The purpose of this study is to determine the acute effects of the nicotinic receptor allosteric modulator galantamine (0, 4 and 8 mg) on neurocognitive function in schizophrenic smokers (n=20) versus schizophrenic nonsmokers (n=10) in an outpatient human laboratory setting.

Phase:

Phase 2/Phase 3

Accepts Healthy Volunteers?

Details

Lead Sponsor:

Yale University

Collaborator:

National Alliance for Research on Schizophrenia and Depression

Treatments:

Galantamine

Criteria

Inclusion Criteria:

-

Schizophrenic smokers (n=20) and schizophrenic nonsmokers (n=10) in these studies (total
n=20 subjects) will be:

1. Between 18 and 60 years of age,

2. Have a Full Scale IQ score >80.

3. Smokers will meet DSM-IV criteria for nicotine dependence, and smoke at least 15
cigarettes per day, with an FTND score at baseline >5, breath CO >10, and plasma
cotinine >150 ng/ml.

4. Nonsmokers will report a history of never smoking (<100 cigarettes lifetime) or be
abstinent from smoking for at least 6 months prior to randomization, with abstinence
biochemically confirmed by CO level <10 ppm and plasma cotinine <15 ng/ml.

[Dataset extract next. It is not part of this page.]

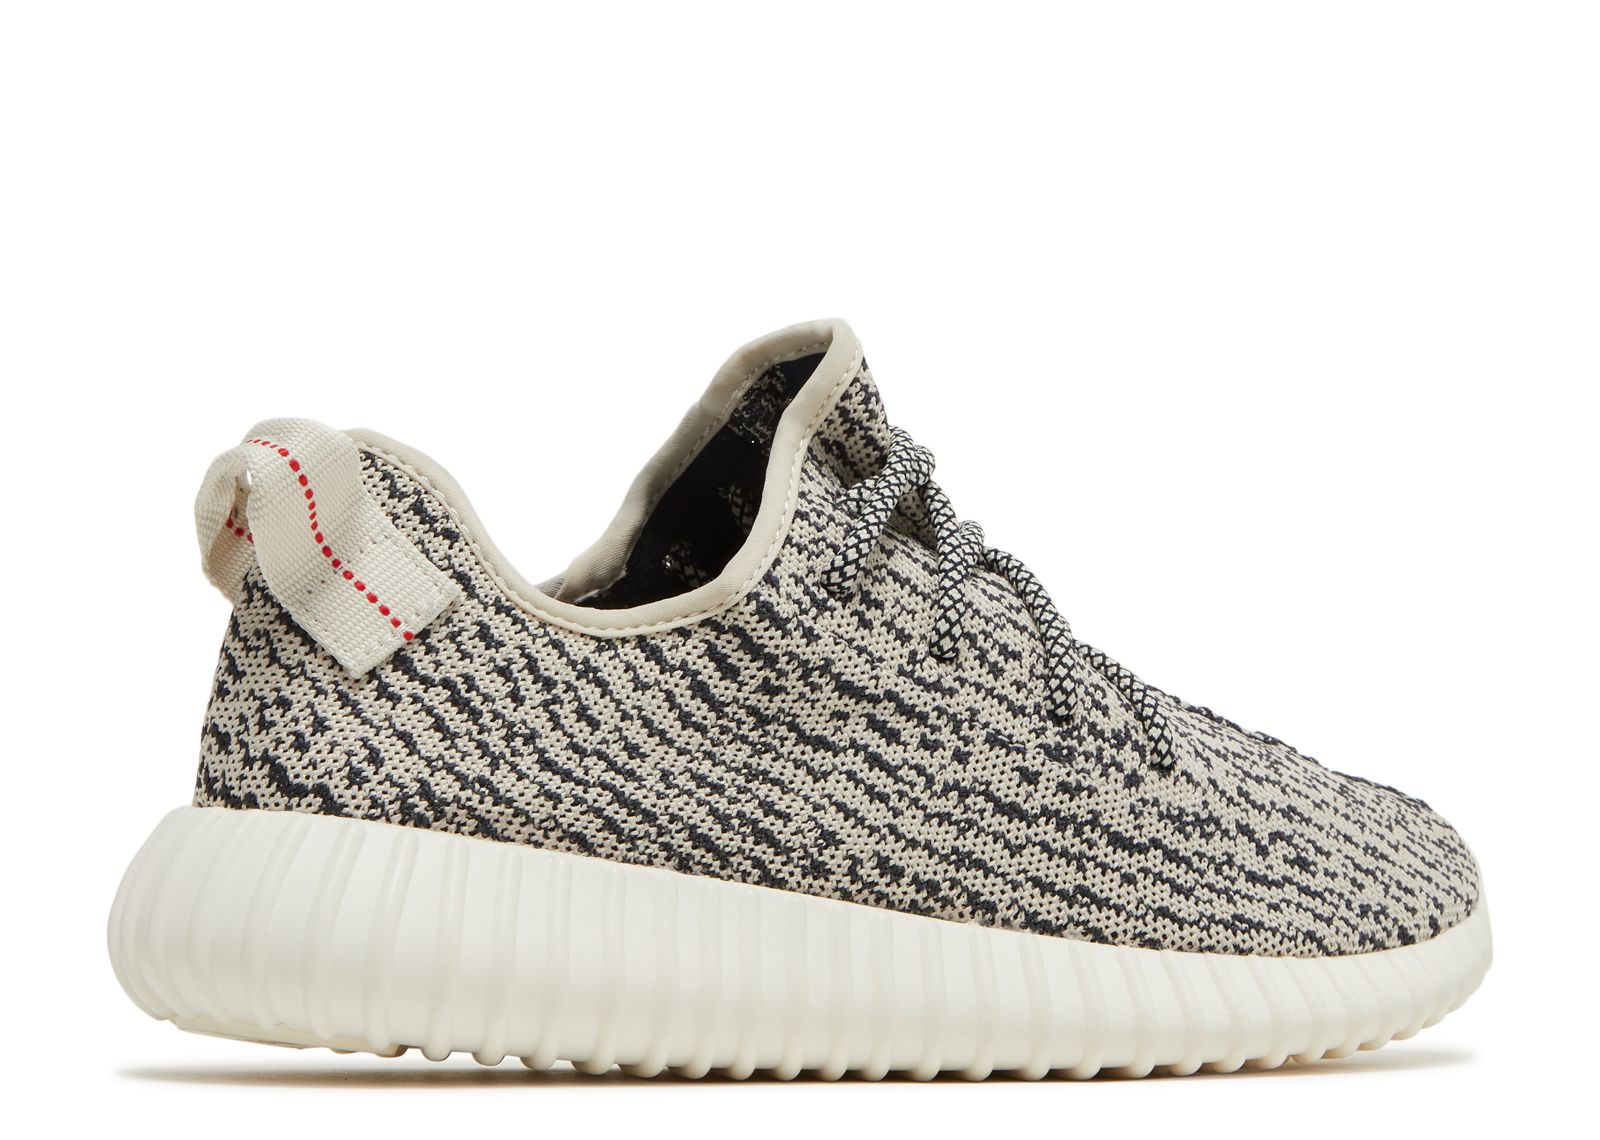 The Toddler Yeezy Boosts Come In

5. Schizophrenic subjects will meet DSM-IV criteria for schizophrenia or schizoaffective
disorder, and be on a stable dose of antipsychotic medication for at least three
months, with positive symptoms stability as judged by the investigator.

6. Subjects must be non-treatment seeking smokers with respect to their nicotine
dependence.

Exclusion Criteria:

1. Meet criteria for current abuse or dependence for any other alcohol or substance of
abuse within the past 6 months, with the exception of nicotine dependence (smokers) or
caffeine (all groups).

2. An inability to learn the neuropsychological tasks during the training session.

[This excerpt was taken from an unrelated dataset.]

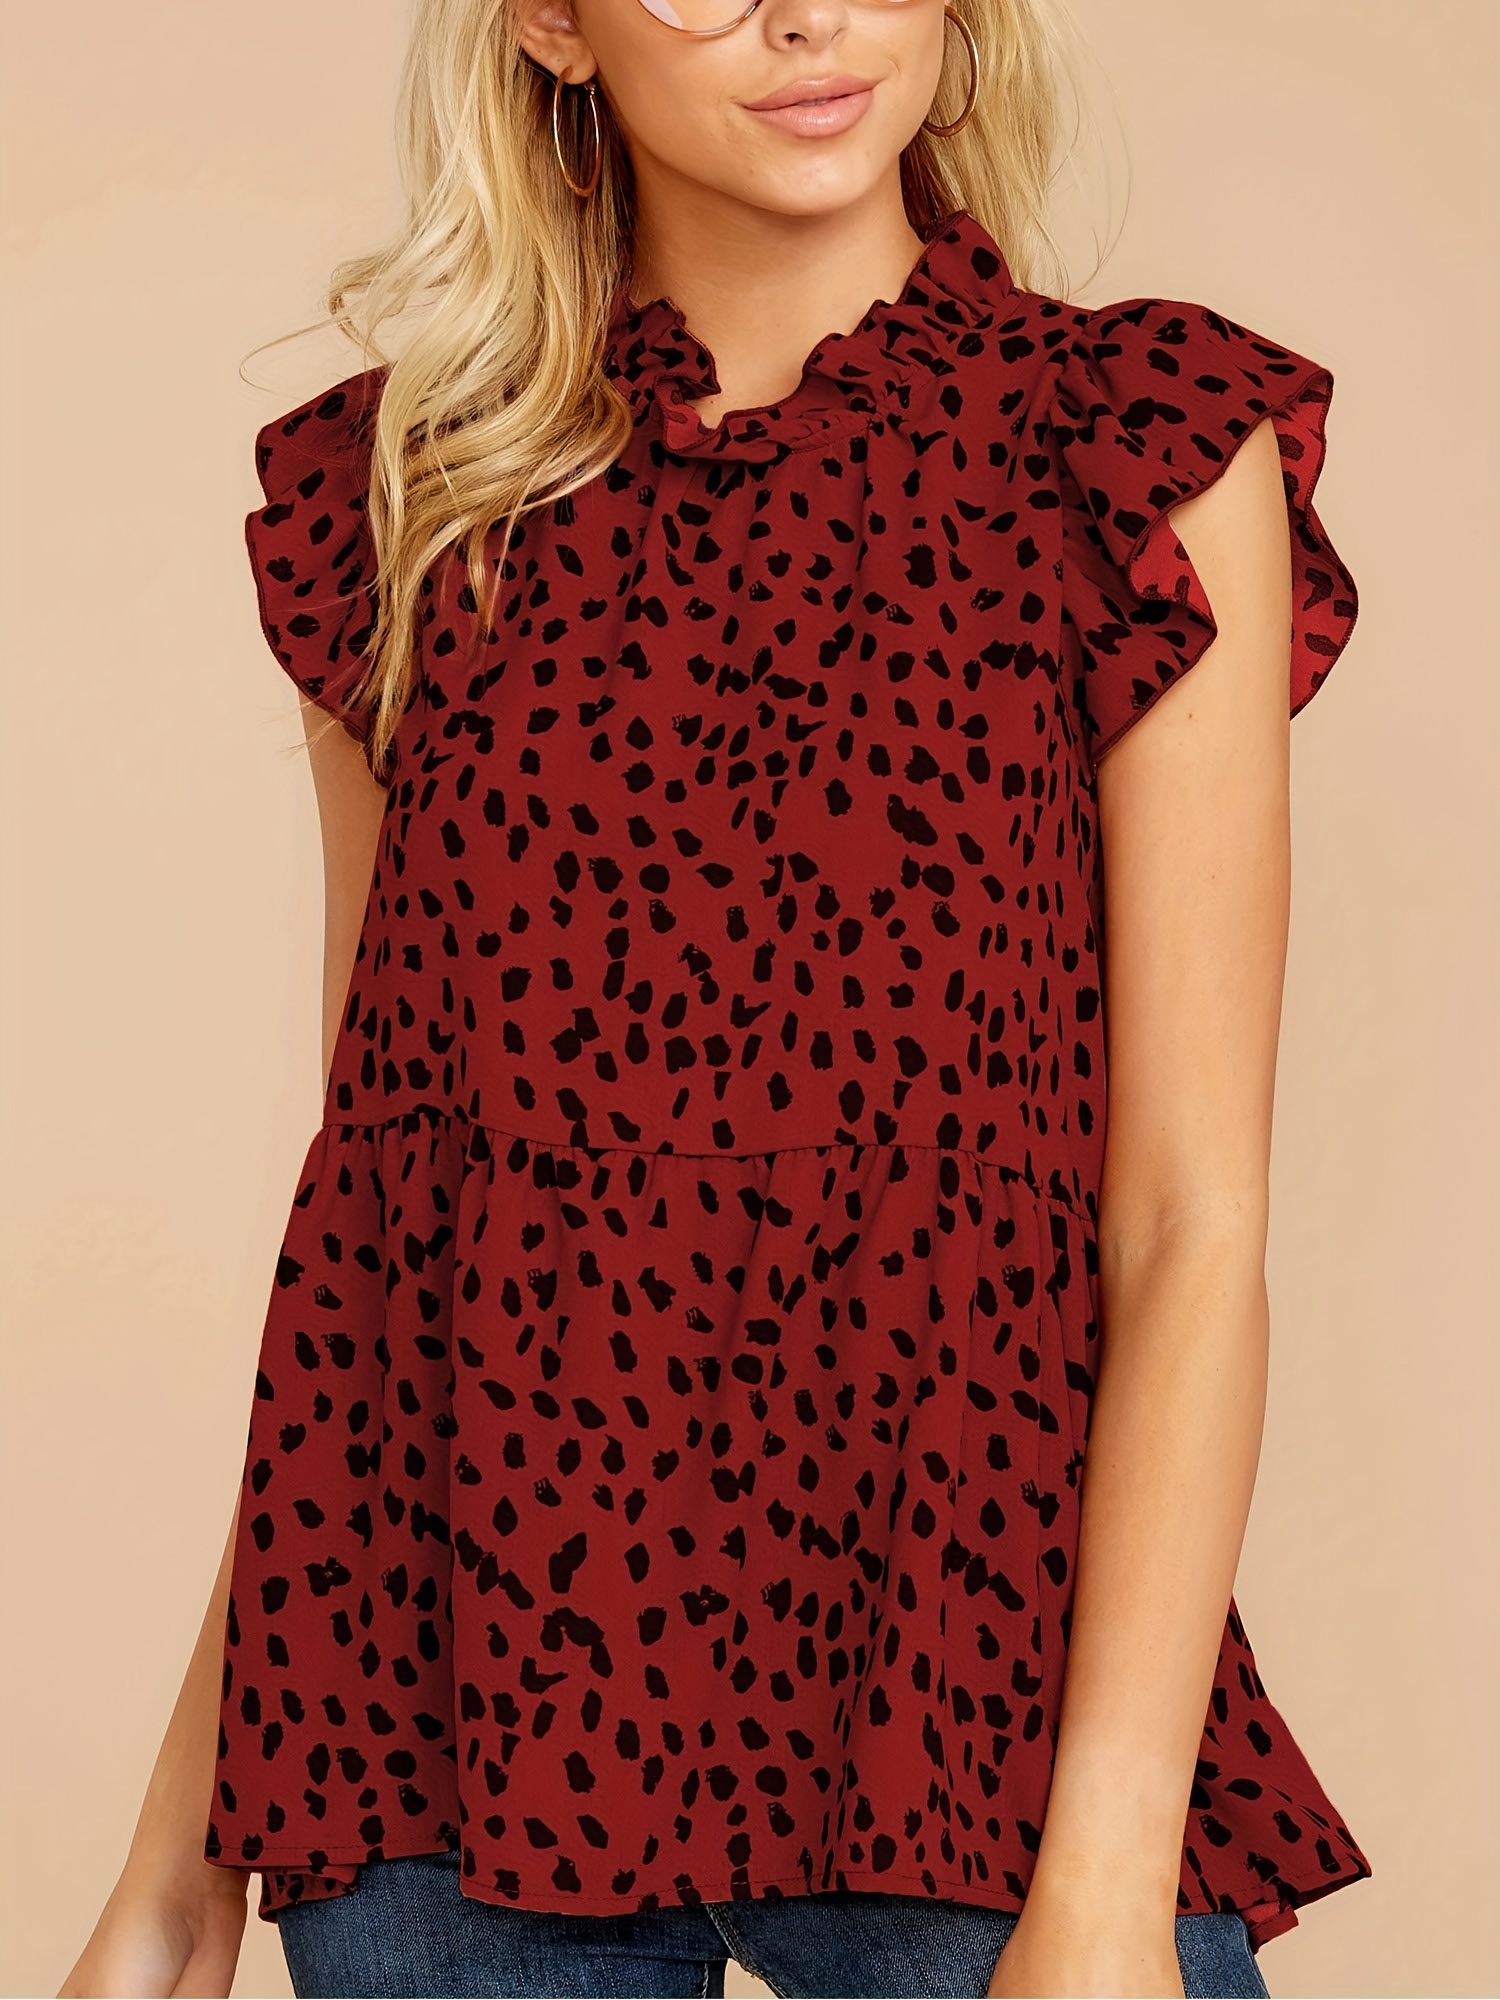 Shop All-Over Print High Neck Top Online

3. History of dementia, other neurological illness (e.g. idiopathic Parkinson's Disease,
Epilepsy), or any other acute or chronic medical condition known to significantly
influence neurocognitive function, at the discretion of the P.I. and Project Director.

4. A history of severe renal or hepatic insufficiency, or a known hypersensitivity to
galantamine hydrochloride (Razadyne®).

5. For smokers, current use of any tobacco products (chewing tobacco, cigars, nicotine
replacement therapies like lozenges, gum, nasal spray, inhaler or patch) besides
cigarettes.

6. A history of hypotension, or currently taking anti-hypertensive medication.

7. Interested in quitting smoking (in which case they will be referred to our smoking
cessation treatment study).

8. Not capable of giving informed consent for participation in this study.

9. Positive urine toxicology screen for any substance of abuse.

10. Patients who are pregnant or planning on becoming pregnant.